[Activity]
When the data below is printed, every line must match exactly and the images must be absent.

[[ Provided data, beginning ]]

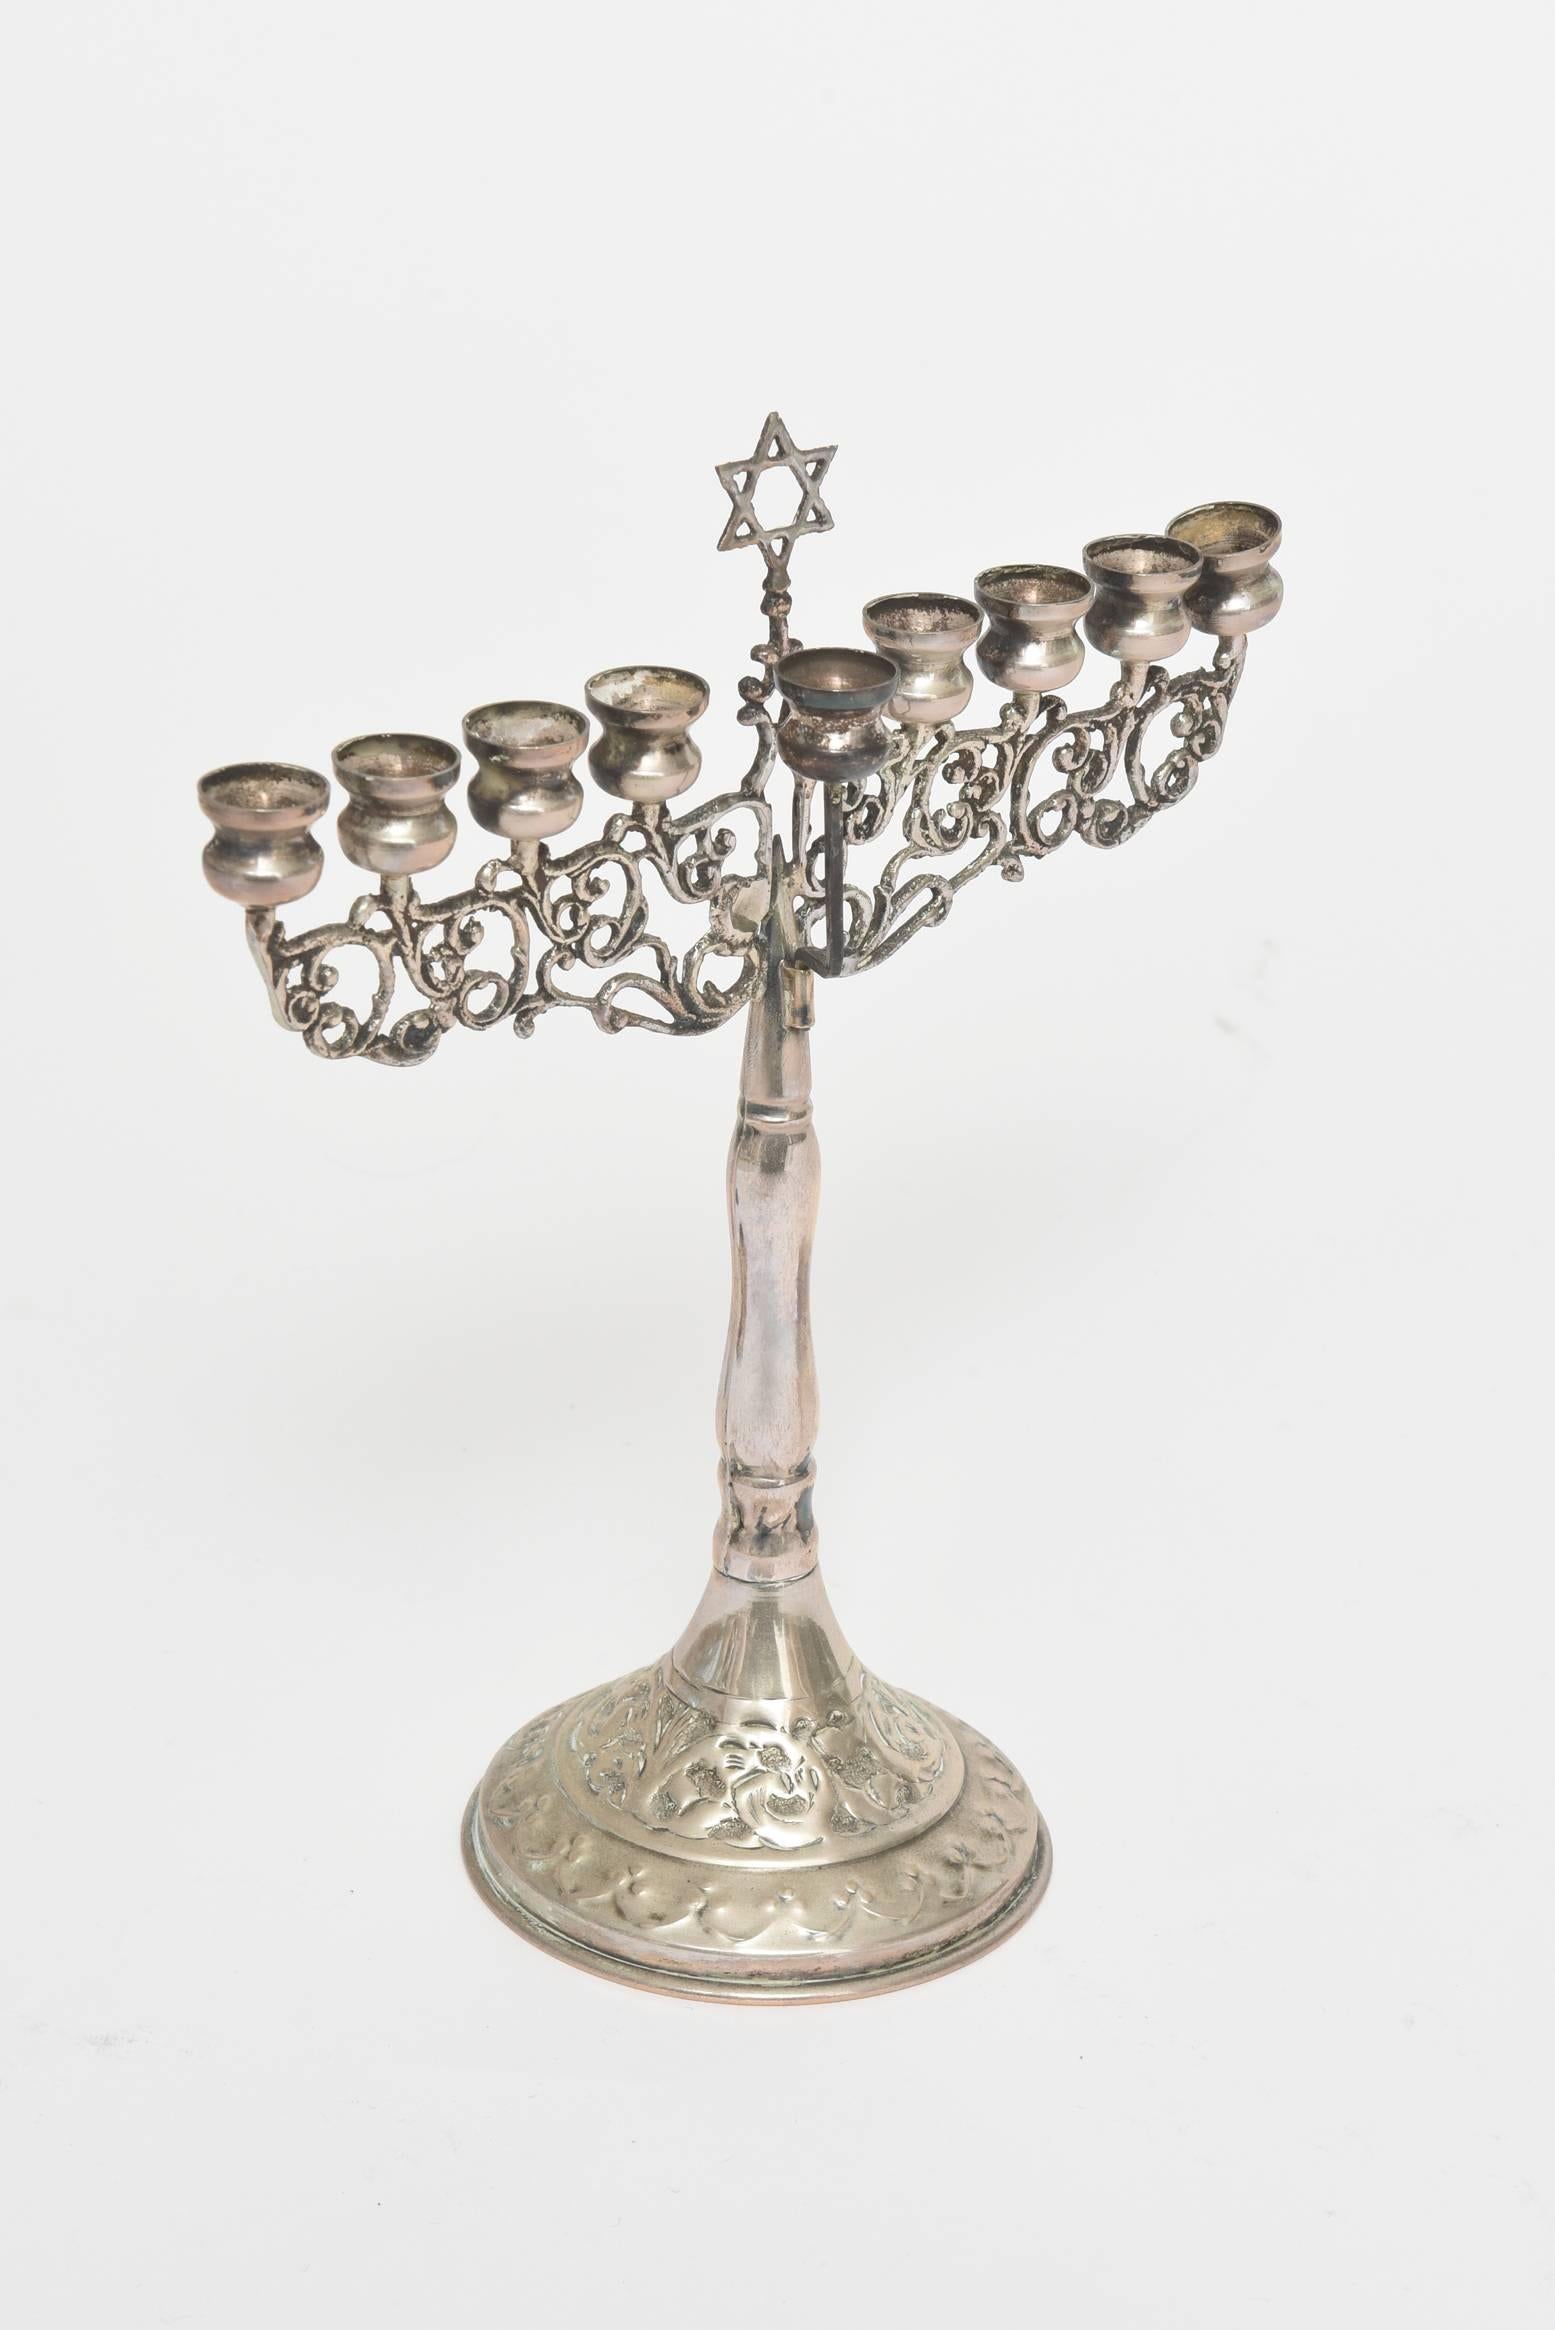 Beautiful raised decoration at base. Open work holding the candles and shamus with a Jewish star at the top. This late 19th century menorah has pierced support for the candles and repouse work on the base. 

Measure: Weight 3.30 troy Oz.
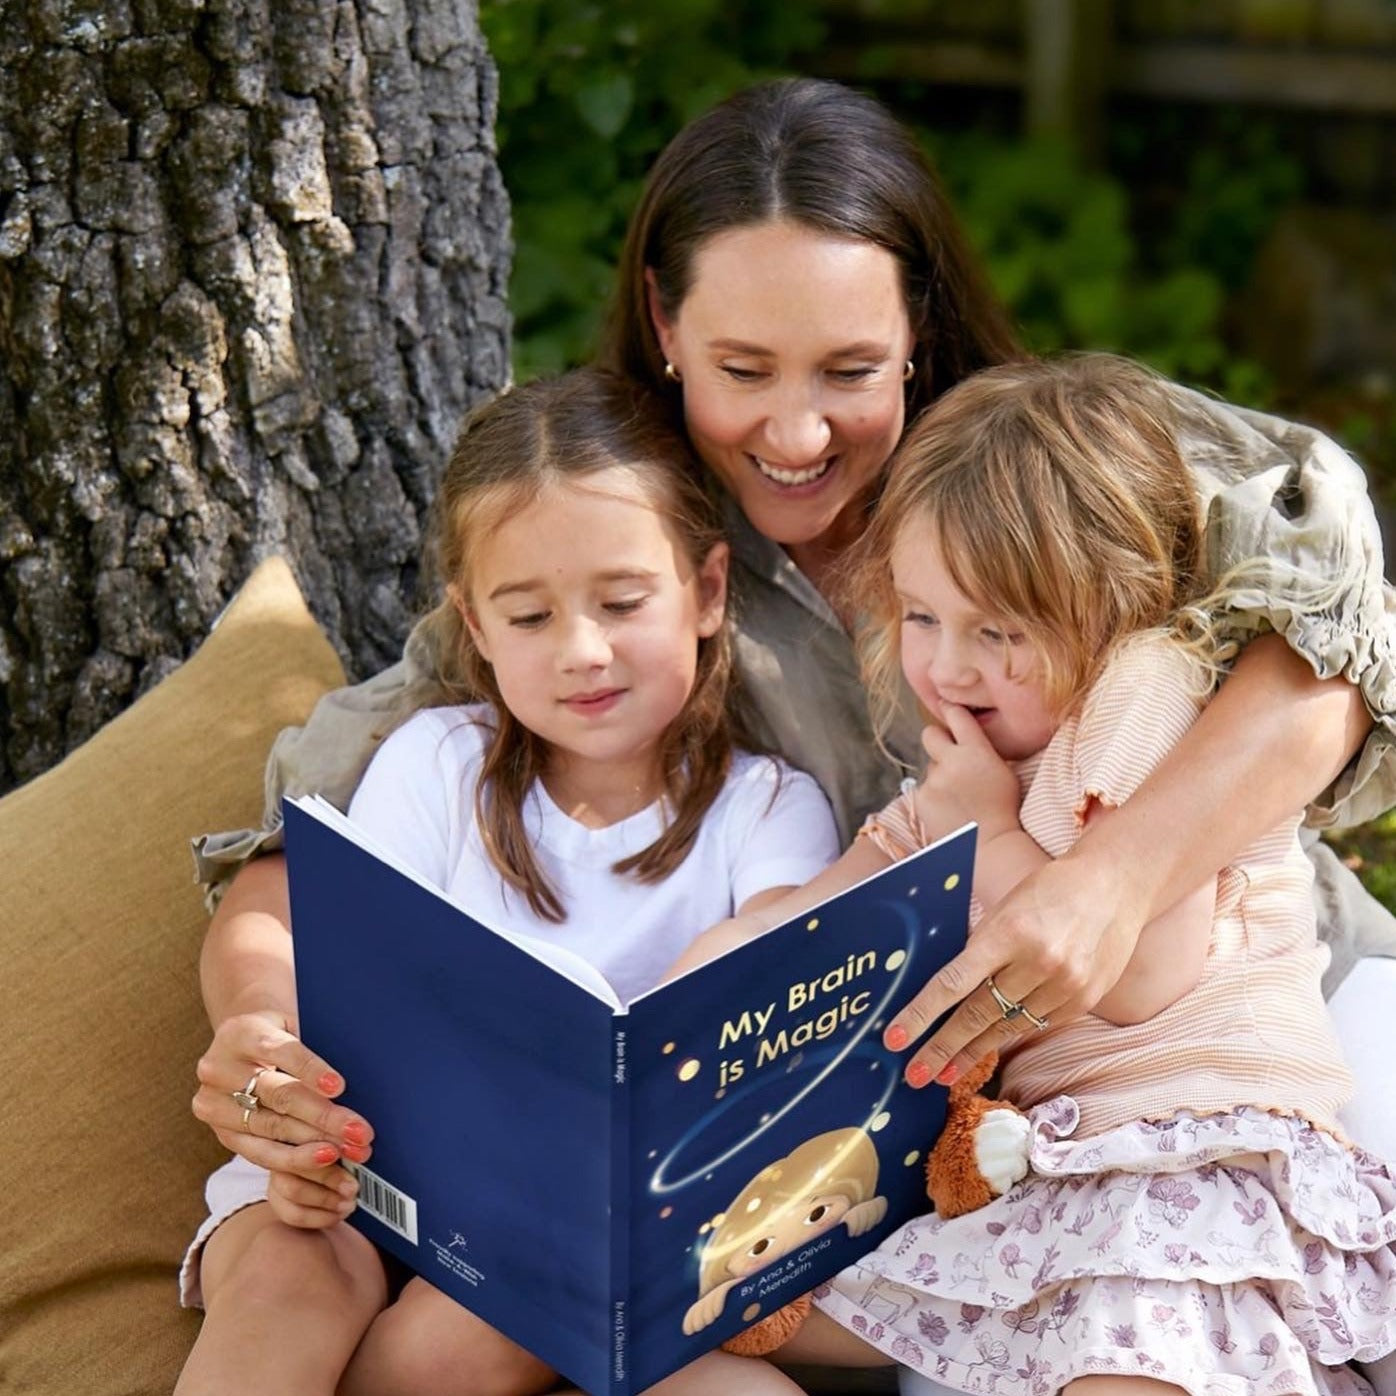 Woman reading a book called "My Brain is Magic" to two children.
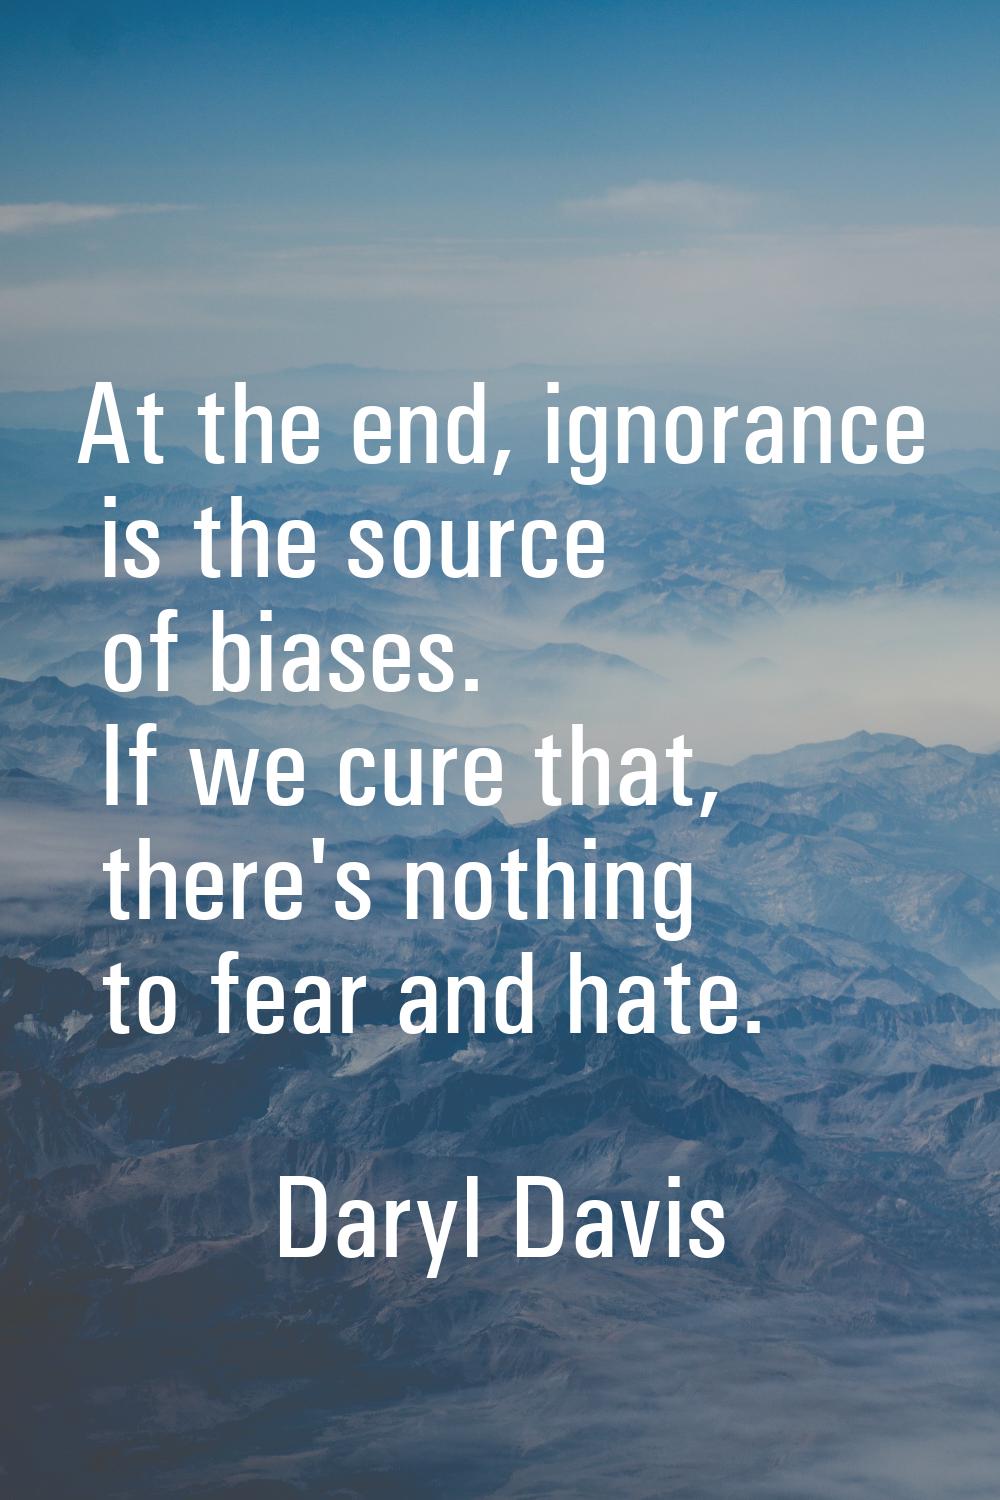 At the end, ignorance is the source of biases. If we cure that, there's nothing to fear and hate.

[[ Provided data, end ]]

[Your response]
 Beautiful raised decoration at base. Open work holding the candles and shamus with a Jewish star at the top. This late 19th century menorah has pierced support for the candles and repouse work on the base. 

Measure: Weight 3.30 troy Oz.
 Woman reading a book called "My Brain is Magic" to two children.
 At the end, ignorance is the source of biases. If we cure that, there's nothing to fear and hate.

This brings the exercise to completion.